Clear as mud? An example may help. I stay at home for two years (by my watch); you go out-and-back at such a speed that the time dilation factor is 2. I say your watch is ticking slowly, and reads six months when you turn round and one year when you get back. But for you the situation is a bit more complex. You say my clock is ticking slowly, so that only three months have elapsed on my clock just before you turn round. Just after you turn round, you change your definition of "now" and say that twenty-one months have elapsed on my clock. Again, three months elapse on my clock "during" your journey home and you are unsurprised to see that my clock says two years have elapsed when you get home.

That's only book-keeping, however. It's all hidden from you by the finite speed of light and Doppler shifts, so you won't see any funny time skips.

7. Nov 21, 2015

### Staff: Mentor

You may find yourself thinking that ther
This is the classic twin paradox, and the explanation is somewhat different than the explanation of the time dilation that you were asking about earlier in the thread. There's an excellent explanation at http://math.ucr.edu/home/baez/physics/Relativity/SR/TwinParadox/twin_paradox.html

8. Nov 21, 2015

### Mister T

That's precisely why the word paradox appears in the title "Twin Paradox". But it's misnamed because it's not a paradox at all, just an apparent paradox.

There are several ways to understand the solution to the apparent paradox. Perhaps the simplest is to give a valid argument for ignoring the point of view of the traveler. That's easy. The traveler is not an inertial observer. He has to turn around and this breaks the symmetry between him and the person who stays at home.

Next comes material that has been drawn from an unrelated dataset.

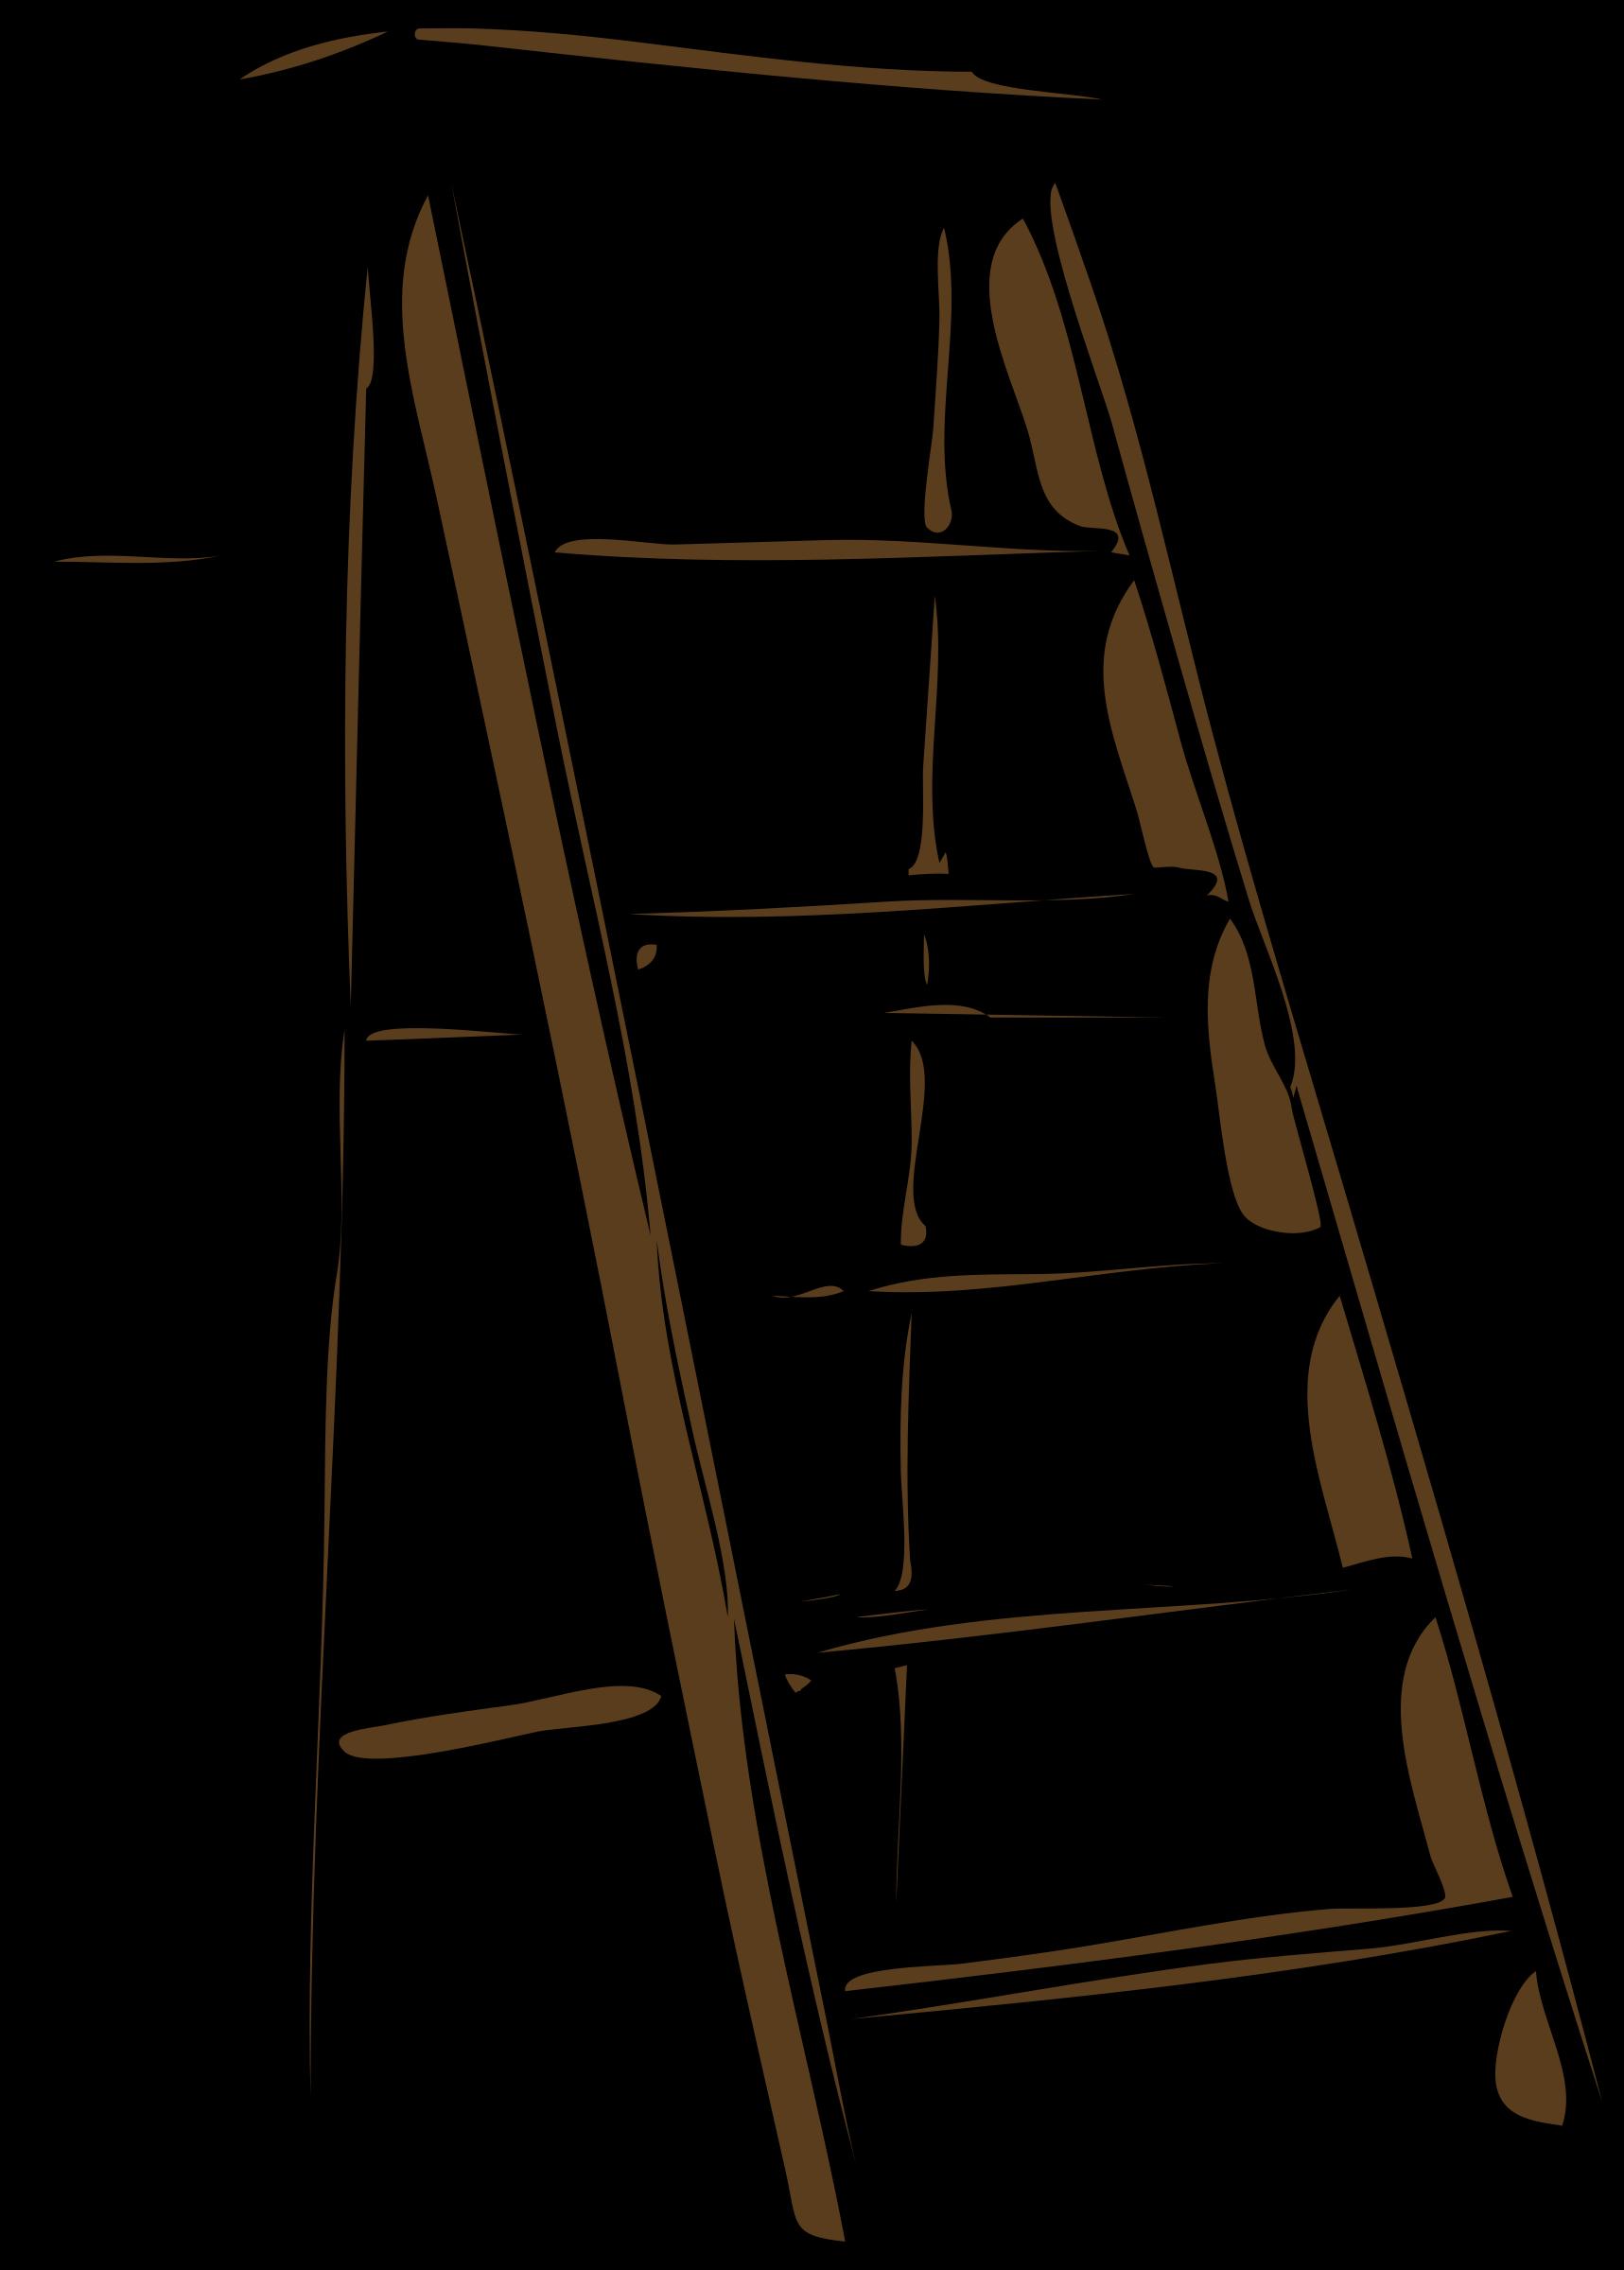 Rchitetto scala doppia big. Ladder clipart step stool

During the turn-around the traveler is not in a state of inertial motion.

A deeper and more satisfying way to understand it is to look at it from the point of view of the traveling twin. When he switches inertial reference frames to return home the clocks on Earth that were formerly receding from him are now approaching him. This causes a huge shift in the traveler's reckoning of the reading on the Earth clocks. It's an effect known as the relativity of simultaneity.

There are other ways to see the resolution of the apparent paradox, such as to introduce a third observer who co-moves with the traveler on his outbound journey. But instead of turning around he continues in the same direction at the same speed so that he is an inertial observer the entire time. During the traveler's return he will see the traveler recede from him at a speed even greater than the speed at which he sees Earth recede from him. Thus he will observe the traveler's clock running even slower than Earth clocks. He will conclude that clocks aboard the ship will record a greater time spent returning than what was spent during the outbound half of the journey. Thus, clocks on the traveler's ship will be behind Earth clocks when the ship arrives back home.